There is one hugely intriguing problem regarding culpability which remains unsolved. If culpability is about blaming someone for having acted unlawfully, then it must be established that this person could have acted differently. In other words, culpability hinges on free will; there can be no culpability without freedom of will. If, as some believe, our actions are predetermined, then we cannot be blamed for having “chosen” to do something illegal. The current state of knowledge allows us neither to prove nor disprove freedom of will. Currently, the notion that any perpetrator could have chosen to behave otherwise is therefore merely presumed as an “inevitable fiction” in (Swiss) criminal law.
30The “official” translation of Article 1 by the Swiss Government is incorrect in many ways: “No penalty (recte: sanction) without a law. No one may be punished (recte: no sanctions may be imposed) for an act (recte: or omission) unless it has been expressly declared to be an offence (recte: by the law).”

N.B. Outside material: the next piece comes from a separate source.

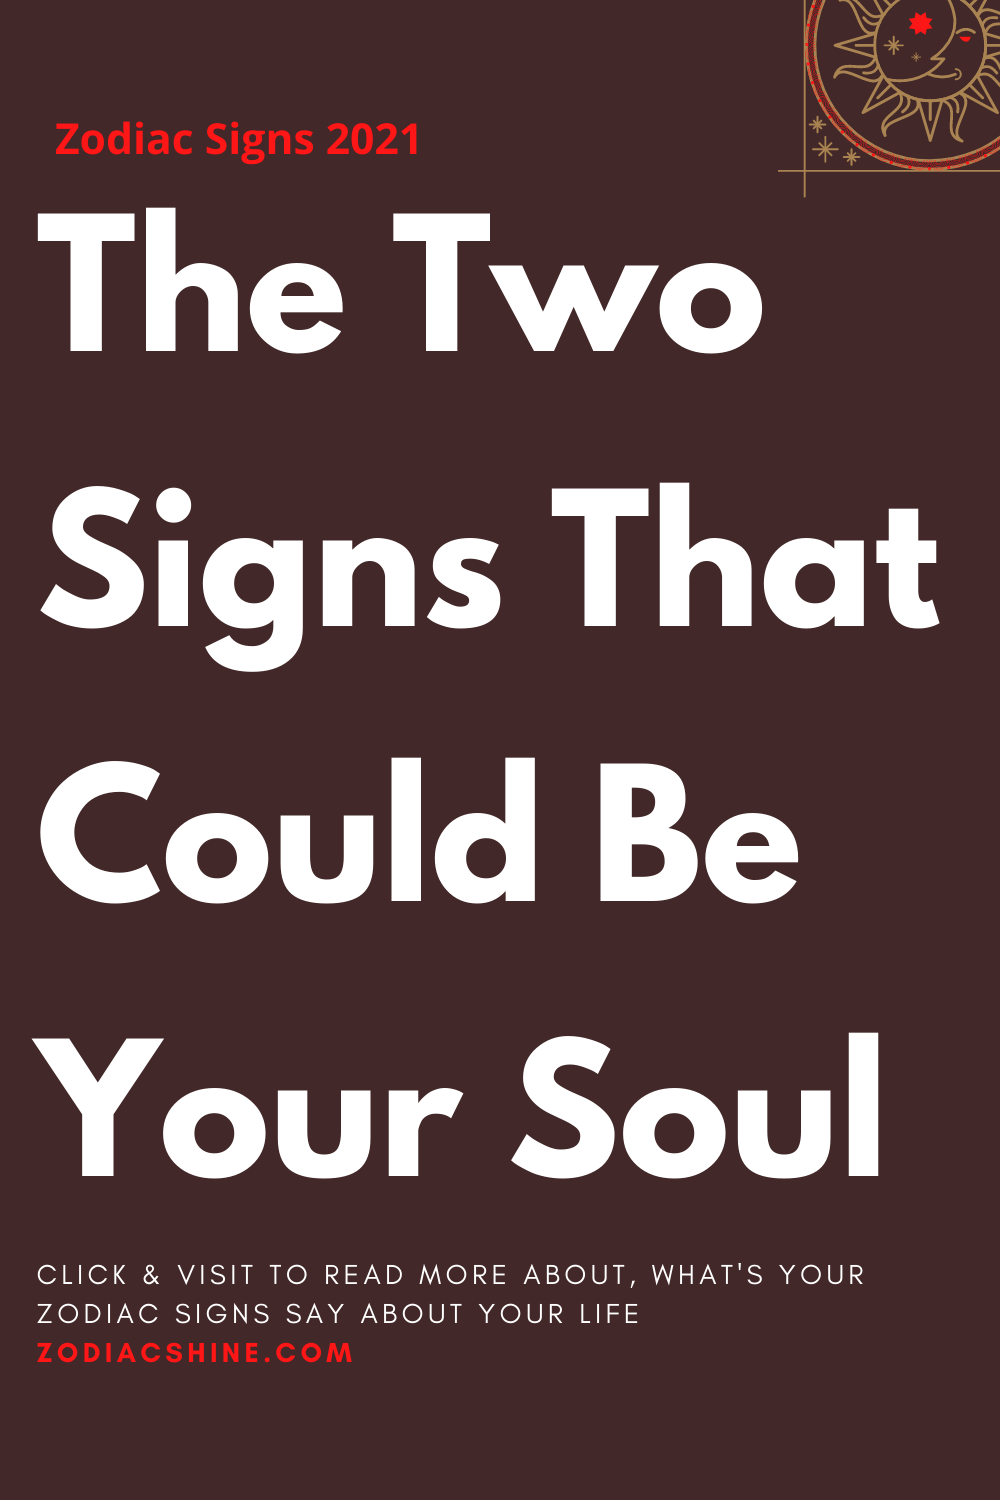 The Two Signs That Could Be Your Soul

31The Swiss Criminal Code of 21 December 1937 abolished the criminal liability of homosexuality between adults and introduced an age of consent of 20 years, as opposed to 16 years in the case of sexual acts between opposite-sex partners. With the criminal law reform of 1990, the age of consent was lowered to 16 years.
32Juvenile Criminal Law Act of 20 June 2003, SR 311.1.
33BGE 104 IV 217.
34R v. Dudley and Stephens (1884) 14 QBD (Queen’s Bench Divison) 273 DC.